Parallel Computing Accelerating Computational Science And Engineering Cse written by M. Bader and has been published by IOS Press this book supported file pdf, txt, epub, kindle and other format this book has been release on 2014-03-31 with Computers categories.


Parallel computing has been the enabling technology of high-end machines for many years. Now, it has finally become the ubiquitous key to the efficient use of any kind of multi-processor computer architecture, from smart phones, tablets, embedded systems and cloud computing up to exascale computers. _x000D_ This book presents the proceedings of ParCo2013 – the latest edition of the biennial International Conference on Parallel Computing – held from 10 to 13 September 2013, in Garching, Germany. The conference focused on several key parallel computing areas. Themes included parallel programming models for multi- and manycore CPUs, GPUs, FPGAs and heterogeneous platforms, the performance engineering processes that must be adapted to efficiently use these new and innovative platforms, novel numerical algorithms and approaches to large-scale simulations of problems in science and engineering._x000D_ The conference programme also included twelve mini-symposia (including an industry session and a special PhD Symposium), which comprehensively represented and intensified the discussion of current hot topics in high performance and parallel computing. These special sessions covered large-scale supercomputing, novel challenges arising from parallel architectures (multi-/manycore, heterogeneous platforms, FPGAs), multi-level algorithms as well as multi-scale, multi-physics and multi-dimensional problems._x000D_ It is clear that parallel computing – including the processing of large data sets (“Big Data”) – will remain a persistent driver of research in all fields of innovative computing, which makes this book relevant to all those with an interest in this field.

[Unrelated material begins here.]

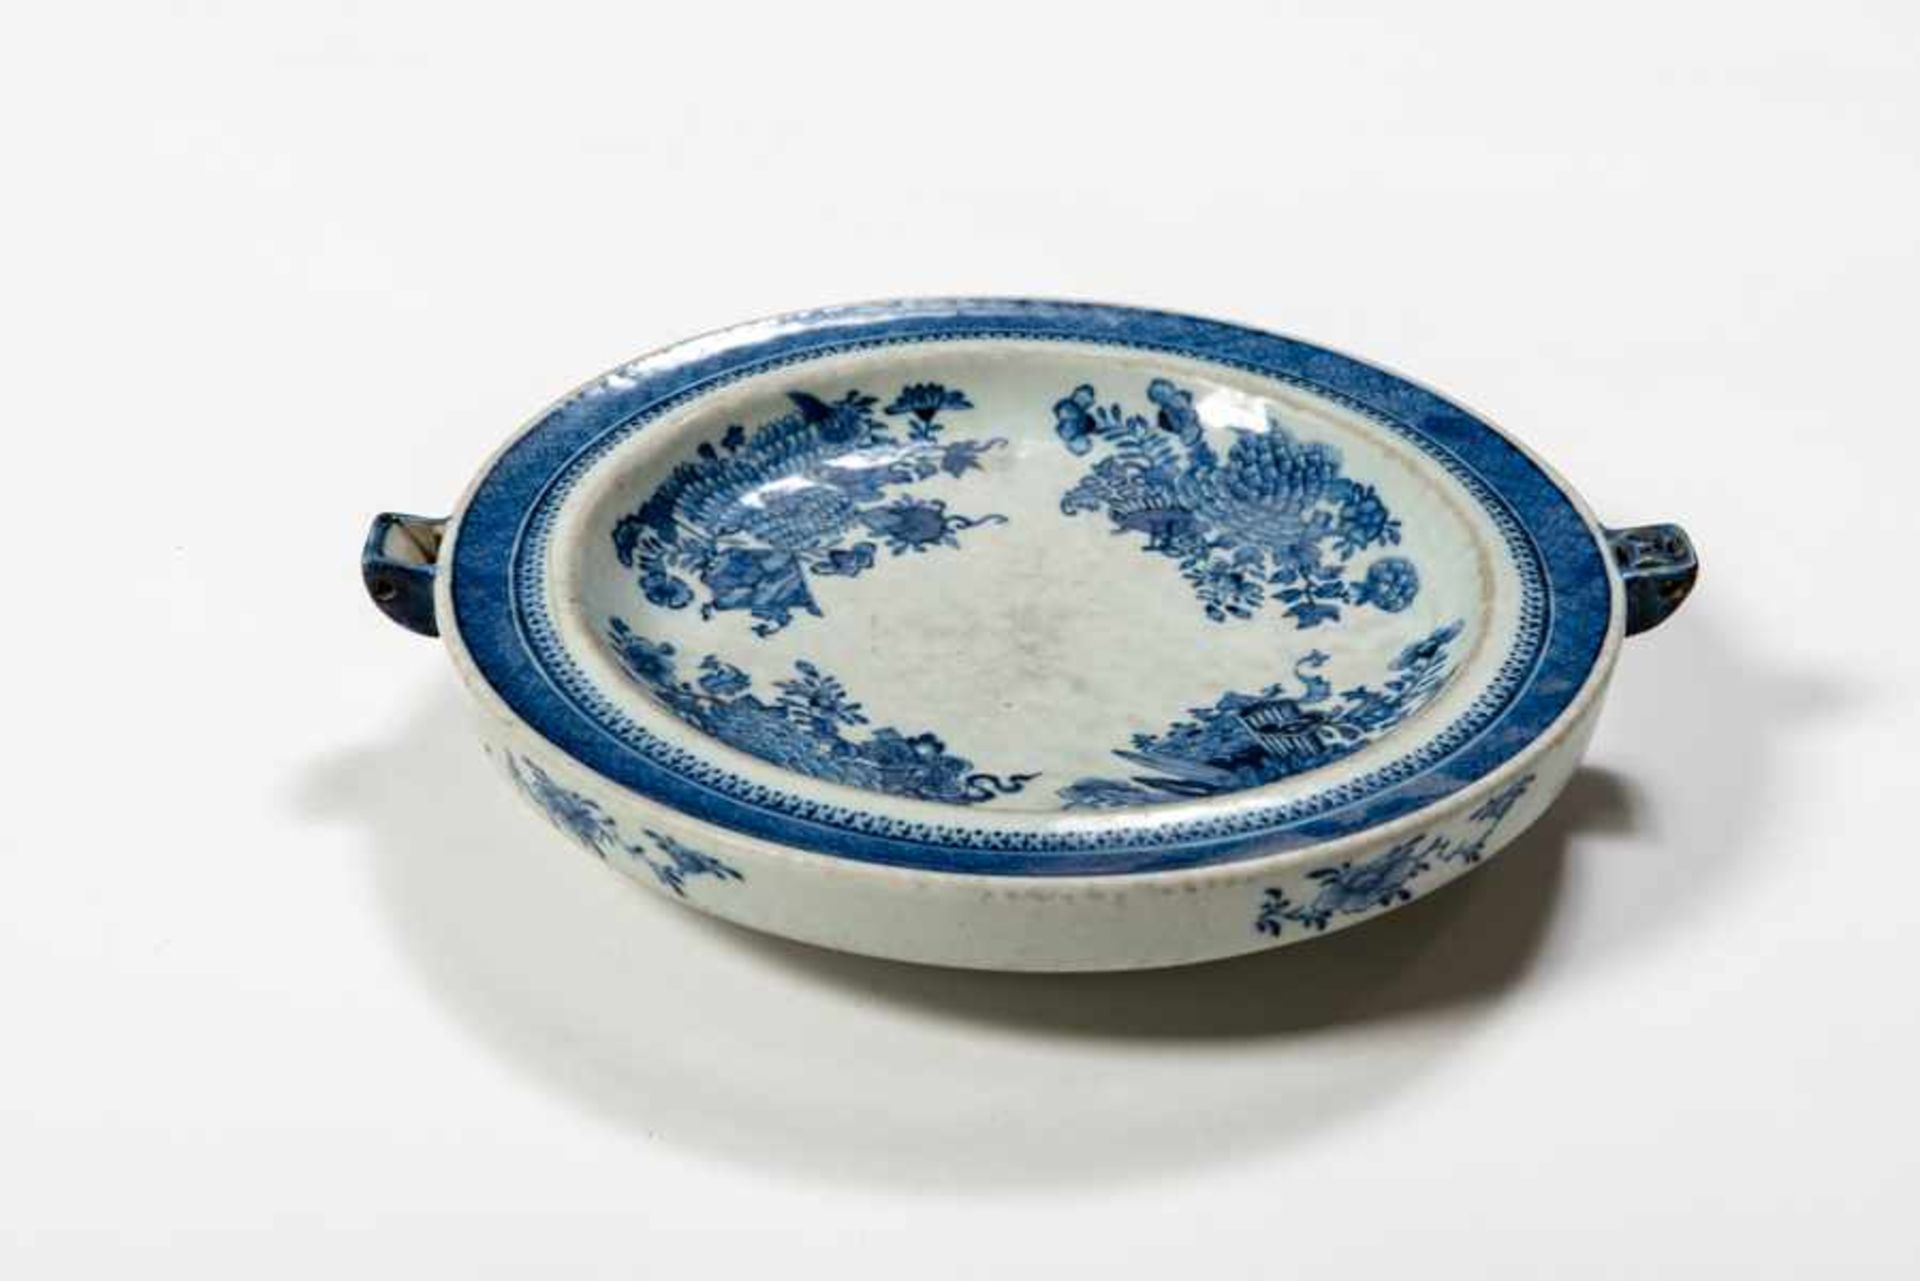 INSULATING BOWL Blue and whiteporcelain. China, Qing dynasty 19th cent. 保溫盆A very rare insulating

Parallel Algorithms For Vlsi Computer Aided Design


Parallel Algorithms For Vlsi Computer Aided Design
DOWNLOAD
Author : Prithviraj Banerjee
language : en
Publisher: Prentice Hall
Release Date : 1994-01-01

Parallel Algorithms For Vlsi Computer Aided Design written by Prithviraj Banerjee and has been published by Prentice Hall this book supported file pdf, txt, epub, kindle and other format this book has been release on 1994-01-01 with Circuitos integrados categories.


This text discusses the design and use of practical parallel algorithms for solving problems in a growing application area whose computational requirements are enormous - VLSI CAD applications.



Neural Network Parallel Computing


Neural Network Parallel Computing
DOWNLOAD
Author : Yoshiyasu Takefuji
language : en
Publisher: Springer Science & Business Media
Release Date : 1992-01-31

Neural Network Parallel Computing written by Yoshiyasu Takefuji and has been published by Springer Science & Business Media this book supported file pdf, txt, epub, kindle and other format this book has been release on 1992-01-31 with Technology & Engineering categories.


Neural Network Parallel Computing is the first book available to the professional market on neural network computing for optimization problems. This introductory book is not only for the novice reader, but for experts in a variety of areas including parallel computing, neural network computing, computer science, communications, graph theory, computer aided design for VLSI circuits, molecular biology, management science, and operations research. The goal of the book is to facilitate an understanding as to the uses of neural network models in real-world applications. Neural Network Parallel Computing presents a major breakthrough in science and a variety of engineering fields. The computational power of neural network computing is demonstrated by solving numerous problems such as N-queen, crossbar switch scheduling, four-coloring and k-colorability, graph planarization and channel routing, RNA secondary structure prediction, knight's tour, spare allocation, sorting and searching, and tiling. Neural Network Parallel Computing is an excellent reference for researchers in all areas covered by the book. Furthermore, the text may be used in a senior or graduate level course on the topic.